▶ **TASK TO CARRY OUT**: Which lines below hold the word "Stock"? Copy all of them.

▶ **EXTRACTED DATA**:
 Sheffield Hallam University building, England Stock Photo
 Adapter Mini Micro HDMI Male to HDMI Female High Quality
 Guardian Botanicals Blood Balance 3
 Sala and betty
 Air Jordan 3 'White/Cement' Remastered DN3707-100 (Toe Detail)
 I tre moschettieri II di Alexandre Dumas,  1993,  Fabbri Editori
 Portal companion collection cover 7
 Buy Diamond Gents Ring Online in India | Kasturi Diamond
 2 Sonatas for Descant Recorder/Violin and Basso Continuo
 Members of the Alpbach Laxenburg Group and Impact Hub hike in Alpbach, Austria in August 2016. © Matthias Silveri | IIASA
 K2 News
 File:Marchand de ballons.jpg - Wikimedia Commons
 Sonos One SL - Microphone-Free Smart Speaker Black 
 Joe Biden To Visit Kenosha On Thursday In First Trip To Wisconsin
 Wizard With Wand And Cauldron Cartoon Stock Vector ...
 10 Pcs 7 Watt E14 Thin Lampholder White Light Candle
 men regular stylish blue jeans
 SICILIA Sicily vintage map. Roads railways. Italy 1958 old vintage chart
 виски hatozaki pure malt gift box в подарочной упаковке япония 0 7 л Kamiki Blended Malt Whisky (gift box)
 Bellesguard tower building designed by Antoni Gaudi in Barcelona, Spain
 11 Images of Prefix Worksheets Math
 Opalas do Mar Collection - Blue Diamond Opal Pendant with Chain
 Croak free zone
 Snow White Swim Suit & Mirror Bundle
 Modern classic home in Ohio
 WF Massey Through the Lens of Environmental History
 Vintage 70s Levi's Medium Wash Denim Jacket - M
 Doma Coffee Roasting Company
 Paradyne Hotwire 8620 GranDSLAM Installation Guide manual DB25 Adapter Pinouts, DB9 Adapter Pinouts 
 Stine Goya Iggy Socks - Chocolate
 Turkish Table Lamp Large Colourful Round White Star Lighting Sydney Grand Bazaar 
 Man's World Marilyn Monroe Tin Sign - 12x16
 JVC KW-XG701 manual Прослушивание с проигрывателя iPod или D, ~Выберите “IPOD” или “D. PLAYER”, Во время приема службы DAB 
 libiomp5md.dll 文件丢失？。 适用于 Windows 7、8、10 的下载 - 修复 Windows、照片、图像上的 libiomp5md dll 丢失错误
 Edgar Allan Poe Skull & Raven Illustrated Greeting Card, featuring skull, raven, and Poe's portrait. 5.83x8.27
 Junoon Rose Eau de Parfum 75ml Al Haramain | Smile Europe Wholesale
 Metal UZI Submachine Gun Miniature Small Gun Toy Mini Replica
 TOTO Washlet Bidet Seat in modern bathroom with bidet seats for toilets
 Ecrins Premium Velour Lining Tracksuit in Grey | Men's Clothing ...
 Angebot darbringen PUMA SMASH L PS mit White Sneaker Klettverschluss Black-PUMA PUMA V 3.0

▶ **OUTPUT FOR THIS EXERCISE**:
 Sheffield Hallam University building, England Stock Photo
 Wizard With Wand And Cauldron Cartoon Stock Vector ...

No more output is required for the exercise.